Editor's Note: This story originally appeared in the Jan. 21 issue of GSA Business Report.
Co-CEO Michael C. Riordan had been CEO of Greenville Health System and Co-CEO Charles D. Beaman Jr. had been head of Palmetto Health in Columbia before the organizations united and became Prisma Health. Both men are under contract until the end of the year.
The announcement from Prisma Health revealed more of what the corporate structure might look like after the co-leaders step down, and it places much of the leadership in Greenville.
“As part of its efforts to improve synergies and reduce inefficiencies, Prisma Health also will create an executive home office in Greenville,” said a Prisma Health announcement on Jan. 11.
Tammie Epps, media relations manager for Prisma Health, confirmed that the next CEO will work from that Greenville office. She said much of the senior leadership will be in Greenville.
“An executive home office is the single physical location where a small group of senior corporate leaders is located,” the news release said. “It is not a traditional large corporate headquarters where all senior leaders, corporate functions and their teams are housed.”
The office will be home for up to 60 senior corporate leaders and related support staff in addition to the new CEO.
“The change is expected to take place over the summer,” the release said. “In most cases, a senior corporate leader will work in the executive home office, and their team or teams will continue to work in their existing offices in the Midlands and the Upstate.”
James E. “Rick” Wheeler, chairman of the Prisma Health board of directors, said a single office anywhere makes sense for the usual reasons, but through Epps he declined to say why they chose Greenville.
The news release said the Prisma Health board of directors turned to consultants with Deloitte to evaluate both markets and provide data-driven analysis and a recommendation. The release said both Columbia and Greenville performed well in the analysis, but Deloitte ultimately recommended Greenville and the board agreed.
“Bringing our senior corporate leaders together under one roof will help improve communication, collaboration and decision-making while supporting strategic growth and development,” Wheeler said in the news release. “From a practical standpoint, it will help reduce travel time and expenses for meetings.”
“Leaders and team members from both the Midlands and Upstate affiliates will continue to work and live in their communities, care for patients in their local hospitals, physician practices and clinics, and work in their local offices. This includes each affiliate’s president and senior leadership as well,” the news release said. “Even with the creation of an executive home office, the organization will continue to support corporate and affiliate operations in both markets.”

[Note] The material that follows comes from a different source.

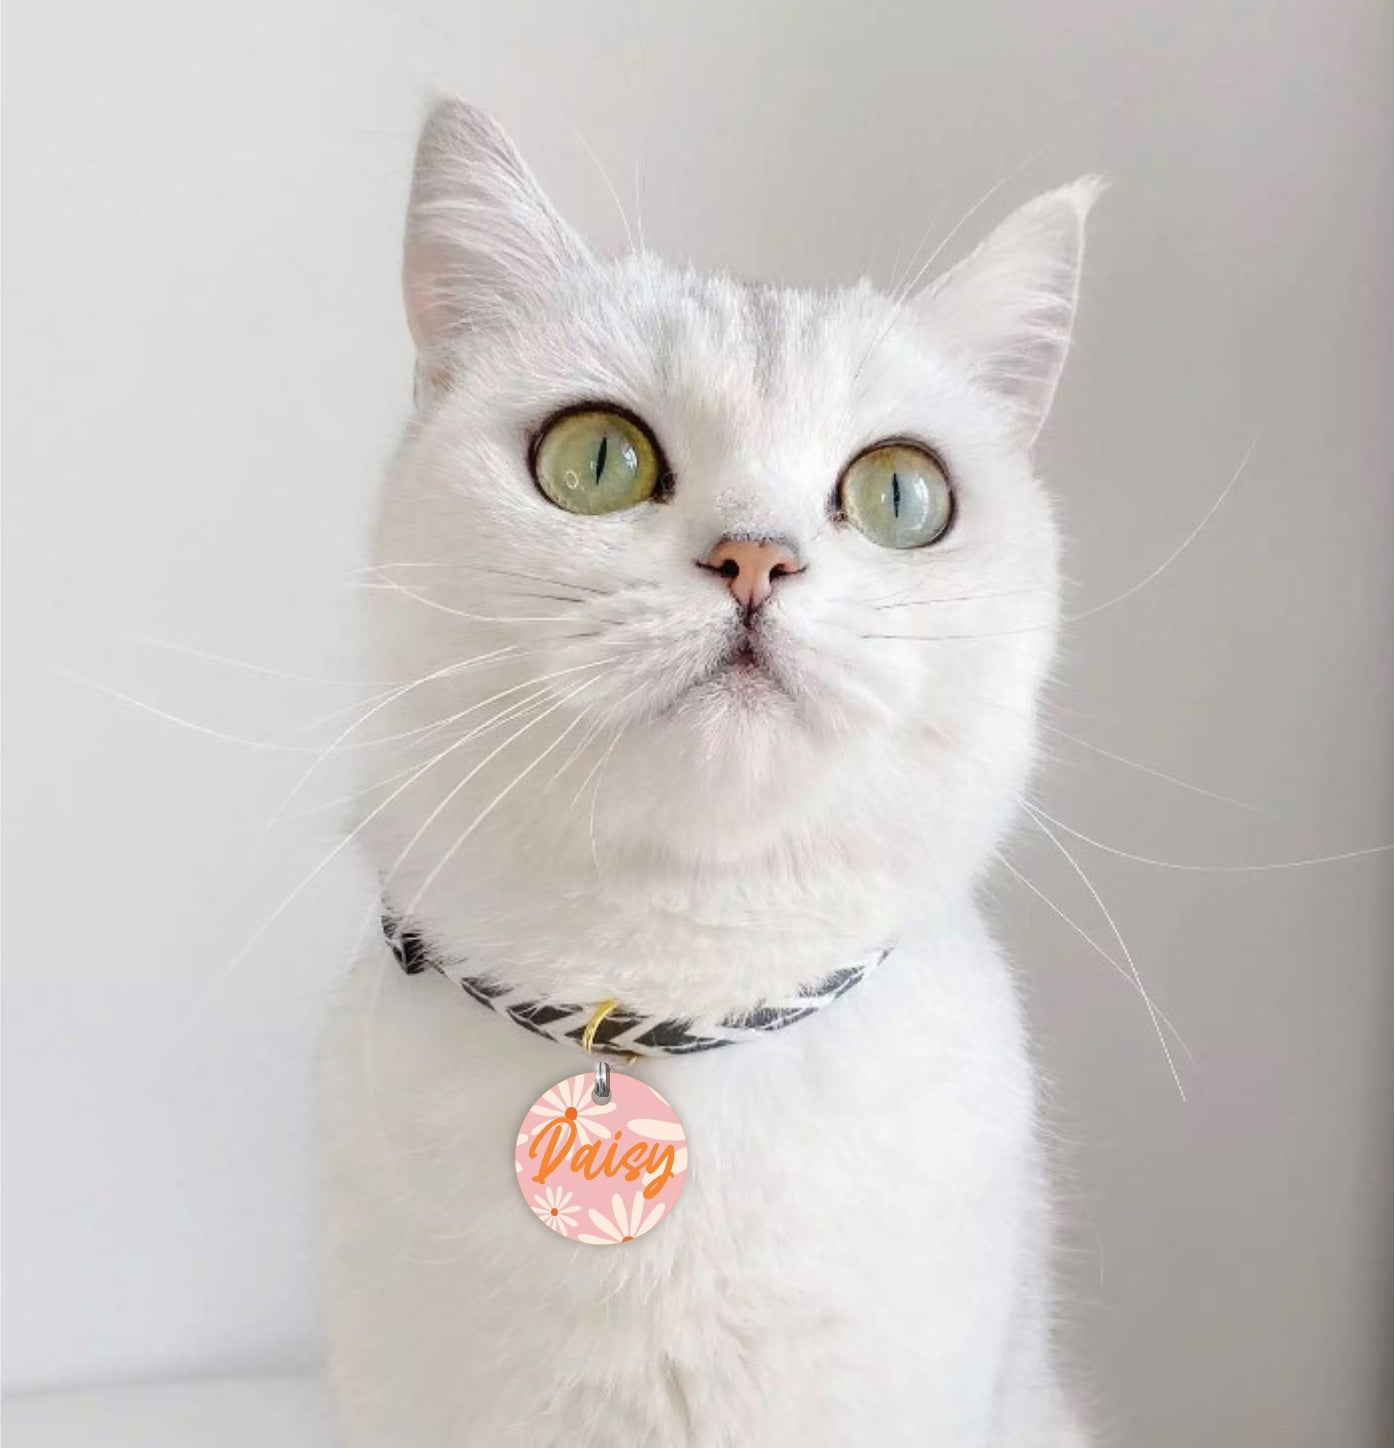 Small 25mm Flower Personalised Pet Cat ID Tag - Daisy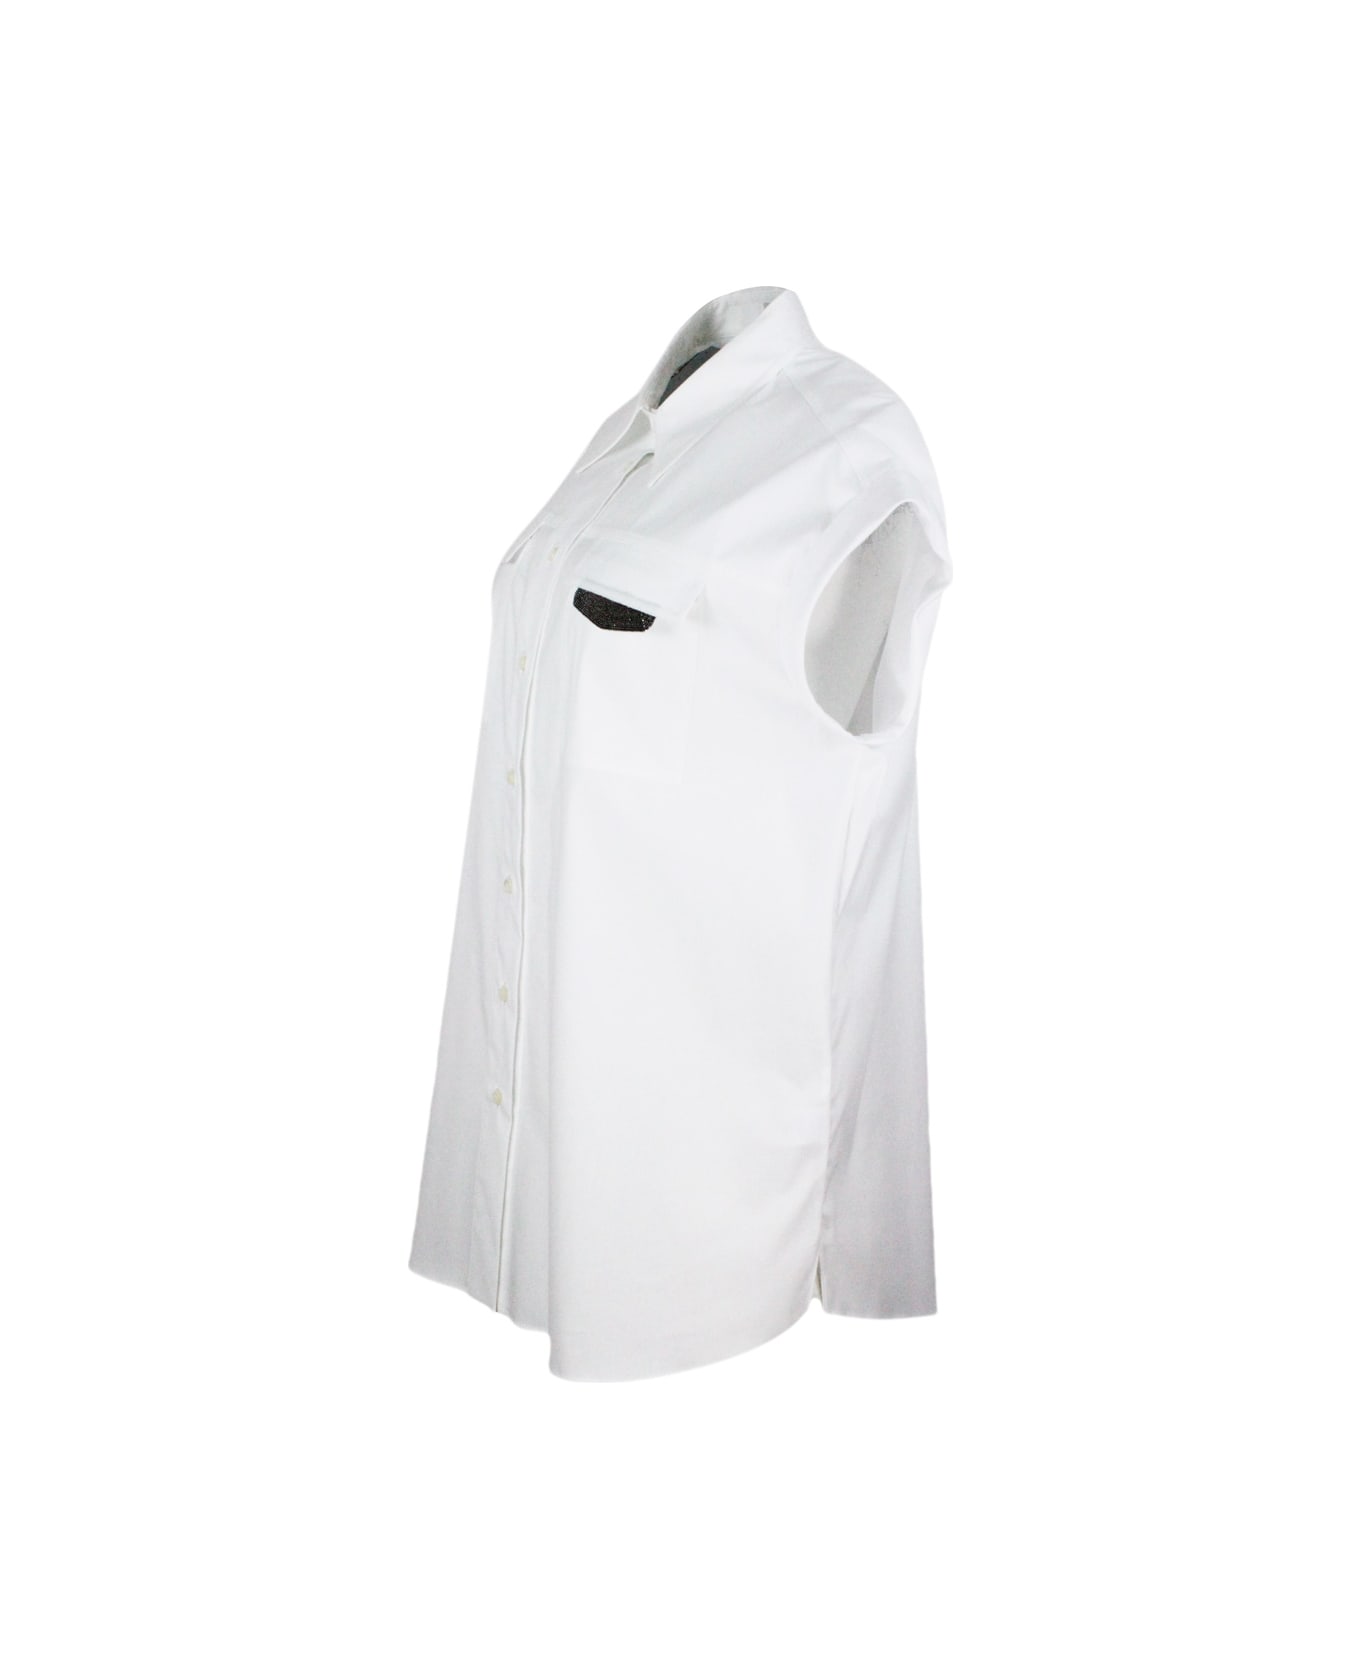 Brunello Cucinelli Sleeveless Shirt With Front Pockets Embellished With Shiny Jewels - White

The search for the next CEO will be led by executive search firm Witt/Kieffer and is expected to be completed by summer, with the new CEO in place by the end of summer, the news release said.
“We are committed to finding the right leader, just as we are committed to improving the health and well-being of people in the Midlands, the Upstate and, ultimately, the entire state,” Wheeler said in the news release. “With each step, we are coming closer to delivering on our promise to create a better state of health in South Carolina by improving clinical quality, the patient experience and access to care, and containing rising health care costs.”
Combining GHS and Palmetto Health created the largest not-for-profit health organization in South Carolina, serving more than 1.2 million patients annually. According to Prisma Health, 42% of the state’s population lives within 15 minutes of one of its outpatient facilities.
GHS and Palmetto Health merged in November 2017 under the name S.C. Health Co., but each continued using its name. The organization announced last September that it would unite the brands under the new name of Prisma Health.